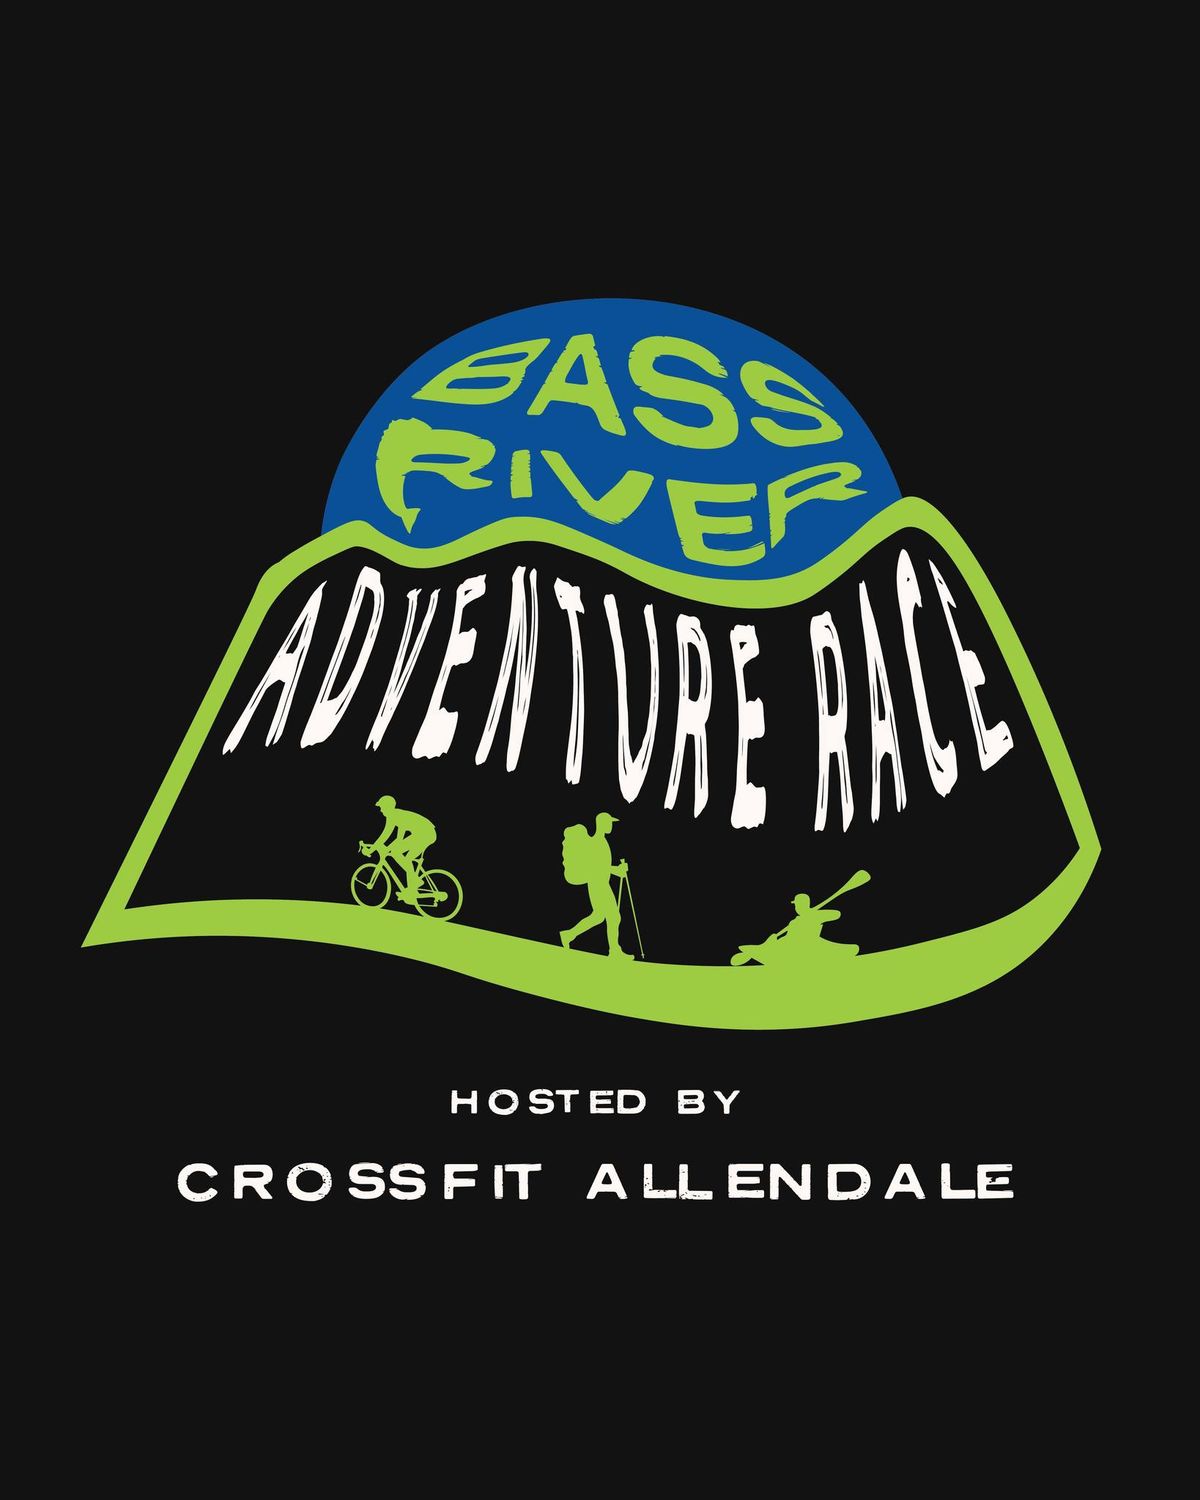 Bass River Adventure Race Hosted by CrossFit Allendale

+ + +

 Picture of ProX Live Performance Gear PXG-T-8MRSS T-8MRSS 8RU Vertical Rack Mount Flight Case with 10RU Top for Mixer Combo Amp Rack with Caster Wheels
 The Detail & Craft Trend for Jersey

+ + +

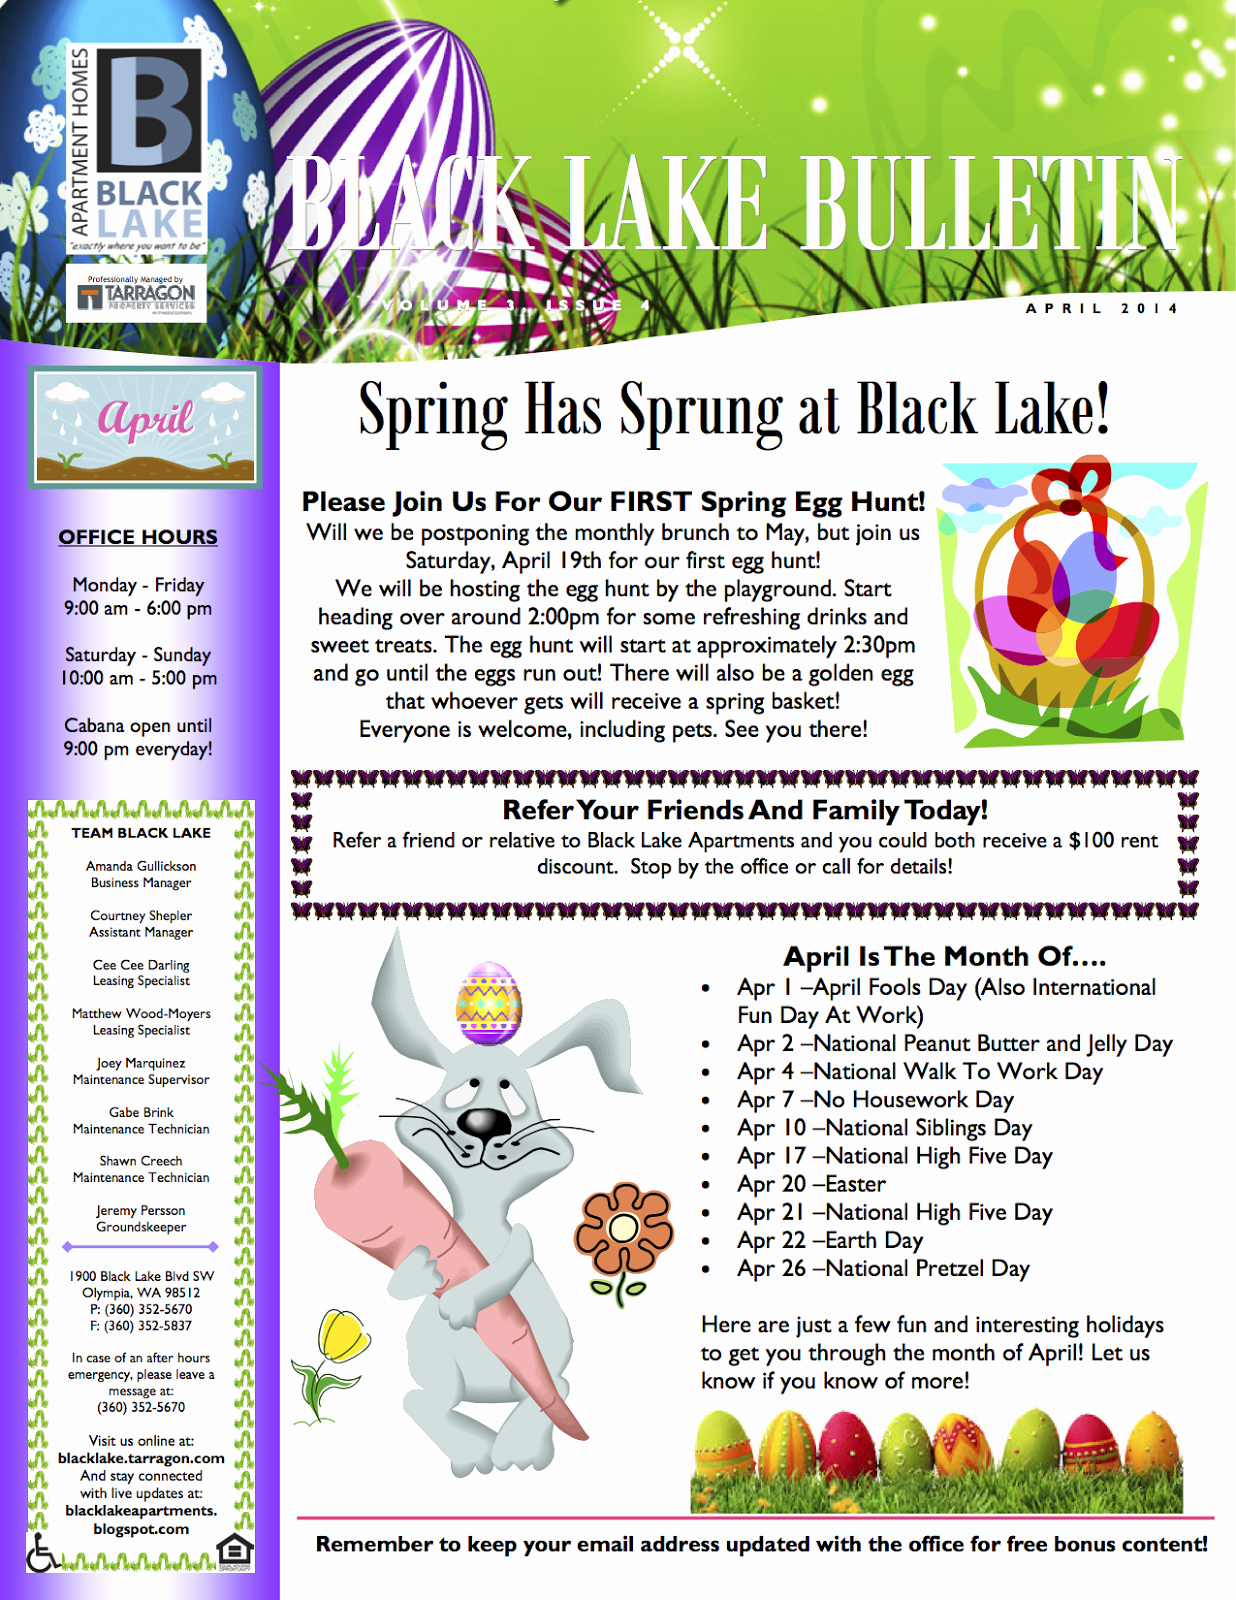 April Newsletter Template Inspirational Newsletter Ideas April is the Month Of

+ + +

■ DIRECTIONS FOR THIS TASK
Everything above from the line containing "Picture of ProX" through the line containing "The Detail & Craft Trend for Jersey" must be copied exactly. Nothing outside that range belongs in the answer.

■ YOUR RESPONSE
 Picture of ProX Live Performance Gear PXG-T-8MRSS T-8MRSS 8RU Vertical Rack Mount Flight Case with 10RU Top for Mixer Combo Amp Rack with Caster Wheels
 The Detail & Craft Trend for Jersey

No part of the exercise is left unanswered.